Von der restlichen Story darf man nicht zu viel verraten, denn sie macht einen Großteil der Faszination aus. Dank der vielen Wendungen und Überraschungen wird die Handlung nämlich zu einem packenden Erlebnis, das selbst kleine Rätsel und Sprungeinlagen mit Leben erfüllt. Alle Figuren sind miteinander verbunden und sprühen vor Charme. Die Vergangenheit und die Zukunft werden durch lockere Dialoge, witzige Anspielungen und – so schwülstig es klingt – „echte Gefühle“ zu einem stimmigen Gesamtbild verschmolzen. Wenn zum Beispiel der Vortigaunt süffisant erwähnt, dass es kein Loch gibt, aus dem „Der Freeman“ nicht schon einmal geklettert ist, kann man sich ein Lächeln einfach nicht verkneifen.

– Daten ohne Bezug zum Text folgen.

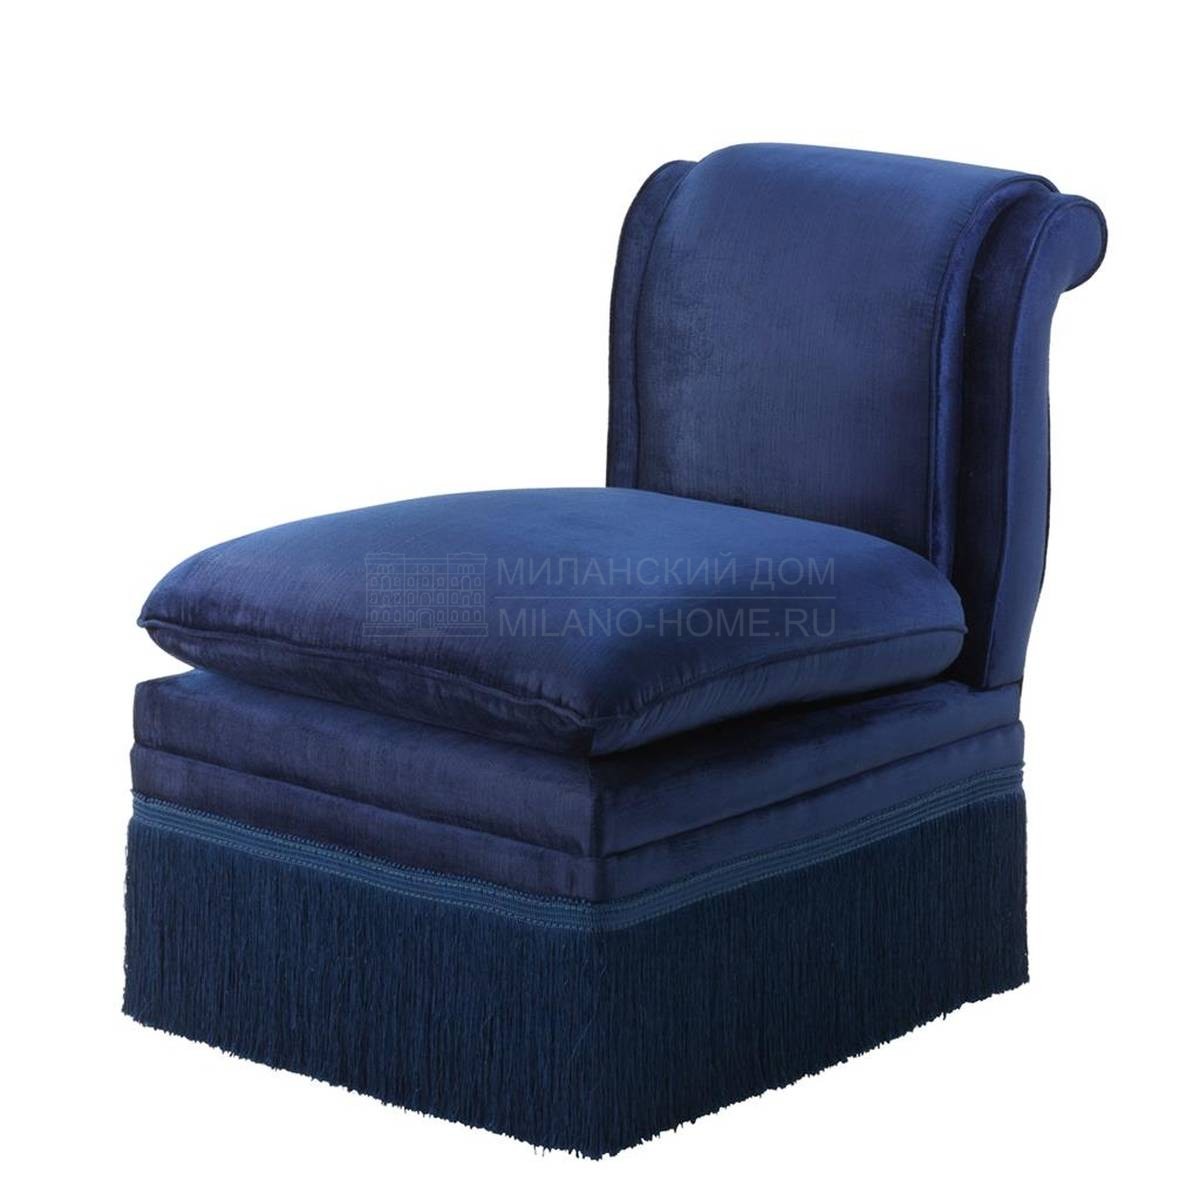 Кресло Boucheron blue из Голландии фабрики EICHHOLTZ

Bei der Präsentation ist natürlich auch die zweite Episode über jeden Zweifel erhaben. Die Grafik-Engine mag zwar nicht mehr auf dem neuesten Stand sein, doch das Können der Valve-Designer macht das Spiel auch optisch zu einem echten Hingucker. Auch die Musikuntermalung lässt sich eher mit einer aufwändigen Hollywood-Produktion, als mit einem 08/15-Shooter vergleichen. Dank der sparsamen Hardware-Anforderungen können selbst Mittelklasse-PCs den Titel in ihrer ganzen Pracht präsentieren, ohne jemals unter 30 Frames pro Sekunde zu fallen – das nenne ich mal echte Massenmarkt-Kompatibilität.
Da sind sie also wieder: Gordon, Alyx, Elijah, Barney und Dr. Kleinert. Ich habe sie wirklich vermisst und freue mich, sie endlich wieder in meine virtuellen Arme zu schließen. Gemeinsam mit der schlüssigen Geschichte sind es genau diese Figuren, die auch die Episode 2 zu einem echten Meisterwerk machen. Da verzeiht man sogar die etwas abgestandenen Gameplay-Ansätze und die manchmal unspektakulären Szenarien. Zum Ende hin gewinnt dann auch diese Folge an Dynamik und fesselt Euch an den Bildschirm. Natürlich haben die sieben Stunden Half-Life nicht ausgereicht, um meine Sucht wirklich zu befriedigen, doch ich akzeptiere die Wartezeit und vergnüge mich solange mit den restlichen Schmuckstücken der Orange Box.
Half Life 2: Episode 2 gibt es seit dem 10. Oktober im Rahmen der Orange Box bei Steam und ab dem 19. für die Xbox 360 und den PC beim Händler Eures Vertrauens. PS3-Besitzer müssen sogar bis zum 26. warten, um dieses Software-Meisterwerk in den Händen halten zu können.